CT Scan of 11 cm Wilms' tumor of right kidney in 13-month-old patient.

Computed tomography of the abdomen and pelvis is an application of computed tomography (CT) and is a sensitive method for diagnosis of abdominal diseases. It is used frequently to determine stage of cancer and to follow progress. It is also a useful test to investigate acute abdominal pain (especially of the lower quadrants, whereas ultrasound is the preferred first line investigation for right upper quadrant pain). Renal stones, appendicitis, pancreatitis, diverticulitis, abdominal aortic aneurysm, and bowel obstruction are conditions that are readily diagnosed and assessed with CT. CT is also the first line for detecting solid organ injury after trauma.

== Advantages ==
Multidetector CT (MDCT) can clearly delineate anatomic structures in the abdomen, which is critical in the diagnosis of internal diaphragmatic and other nonpalpable or unsuspected hernias. MDCT also offers clear detail of the abdominal wall allowing wall hernias to be identified accurately.
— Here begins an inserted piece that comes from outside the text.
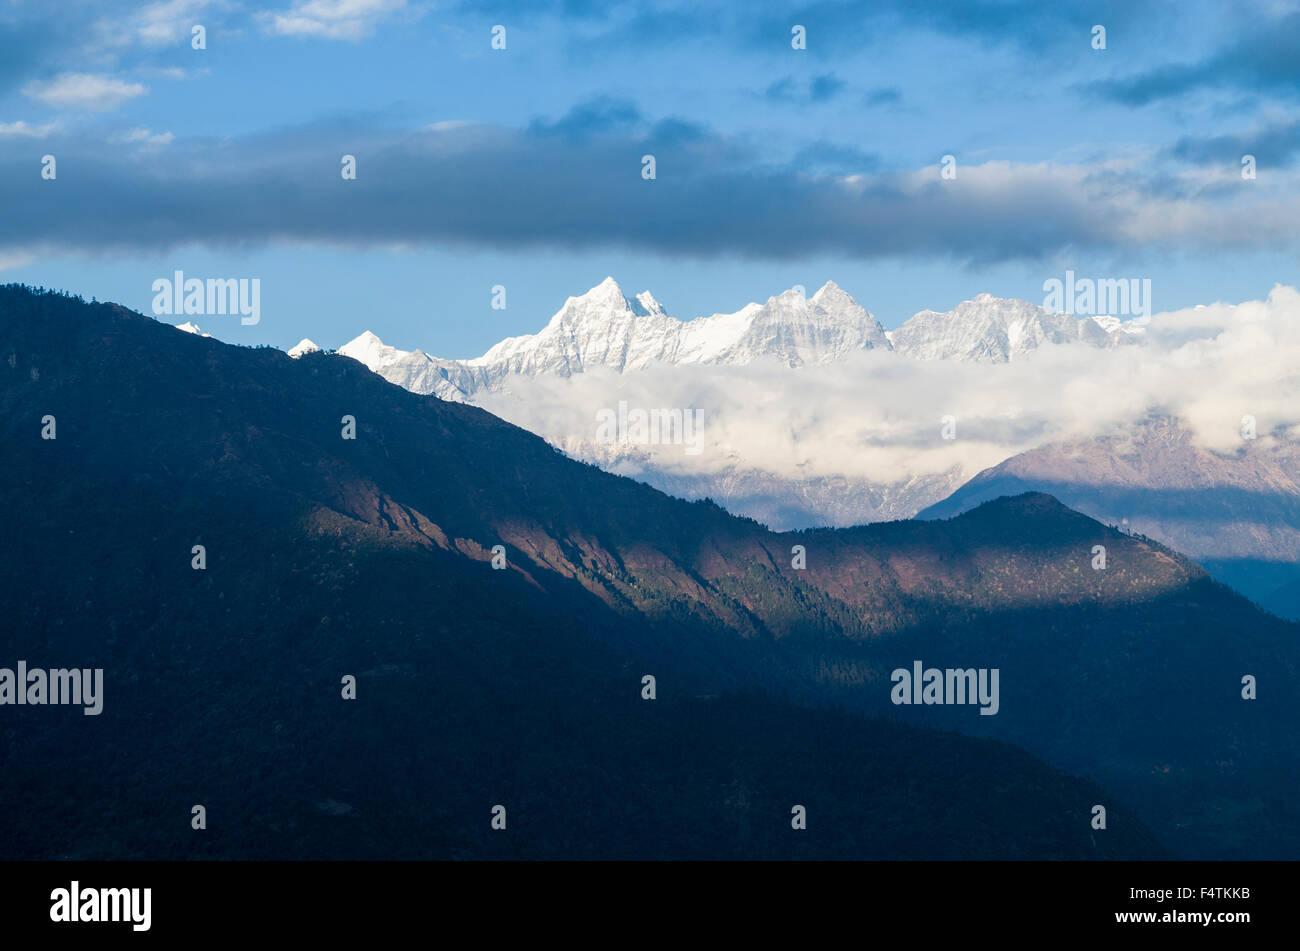 Shorang Himal mountain range seen from Taksindu La - Stock Image
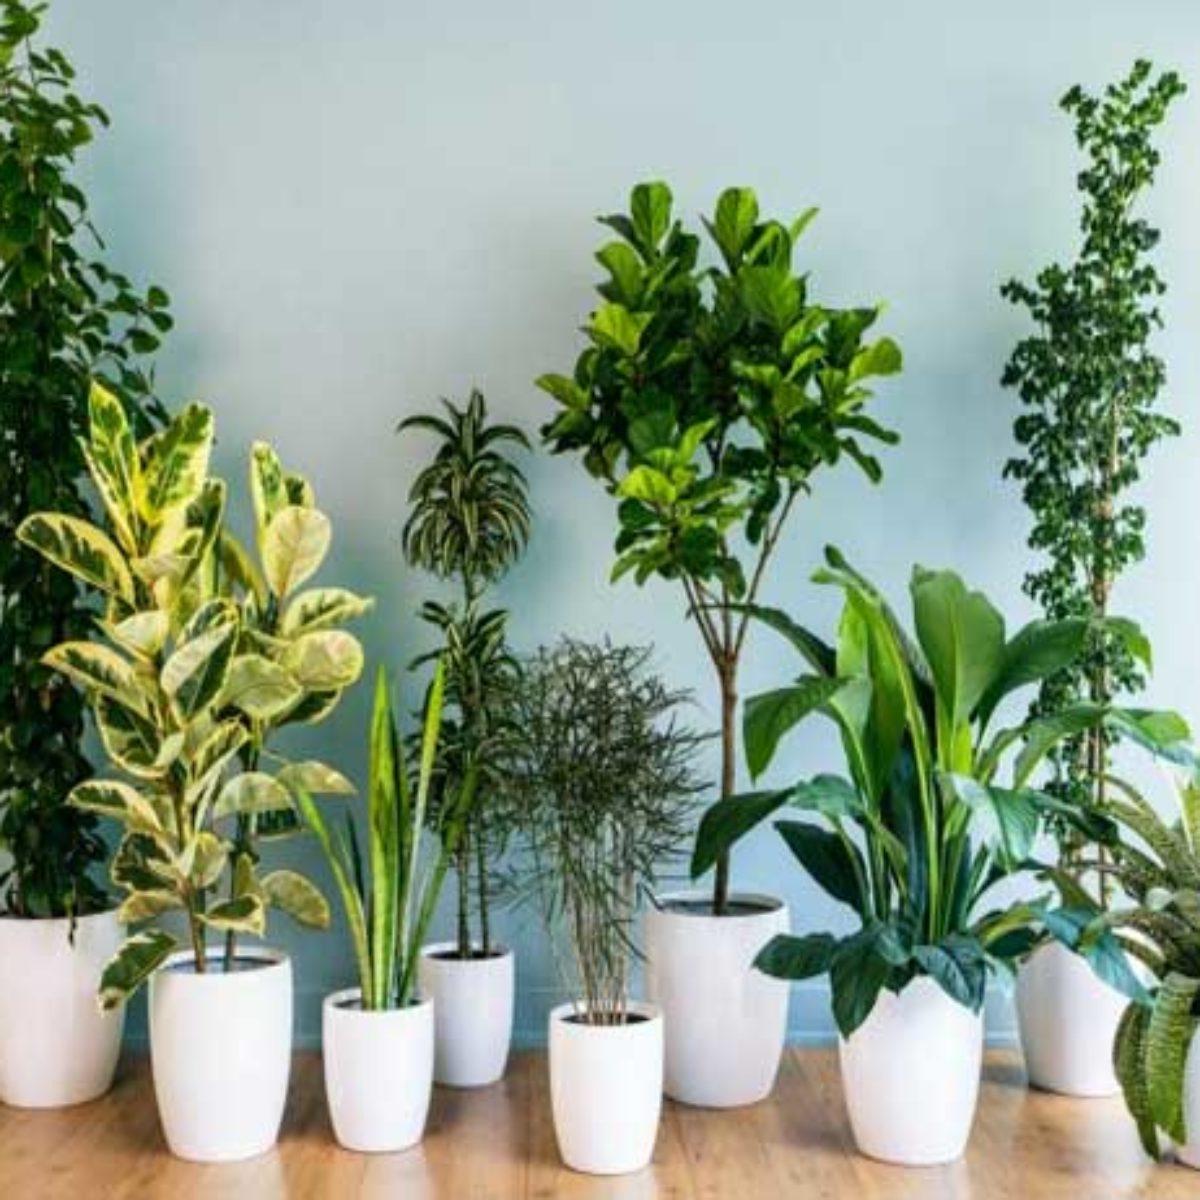 5 Plants That Should Not Be Kept Inside

== Contrast administration ==
Abdominal imaging is associated with many potential uses for the different phases of contrast CT. The majority of abdominal and pelvic CT's can be performed using a single-phase, but the evaluation of some tumor types (hepatic/pancreatic/renal), the urinary collecting system, and trauma patients among others, may be best performed with multiple phases.

In discussing the numerous phases and indications for CT, best patient care requires individualized CT protocols based upon each patient's specific symptoms, pathology, and underlying co-morbidities. Although labor-intensive, this provides the highest likelihood of an accurate diagnosis with the lowest necessary radiation dose. The following discussion will provide a basic outline of current best practice, but not all clinical scenarios can be accounted for.

Contrast enhanced CT examinations can be acquired at a variety of specific time points after intravenous contrast injection (timing is dependent on the phase of contrast enhancement needed and organ system being evaluated). The timing should be chosen specifically to optimize contrast distribution within the solid organ parenchyma in question.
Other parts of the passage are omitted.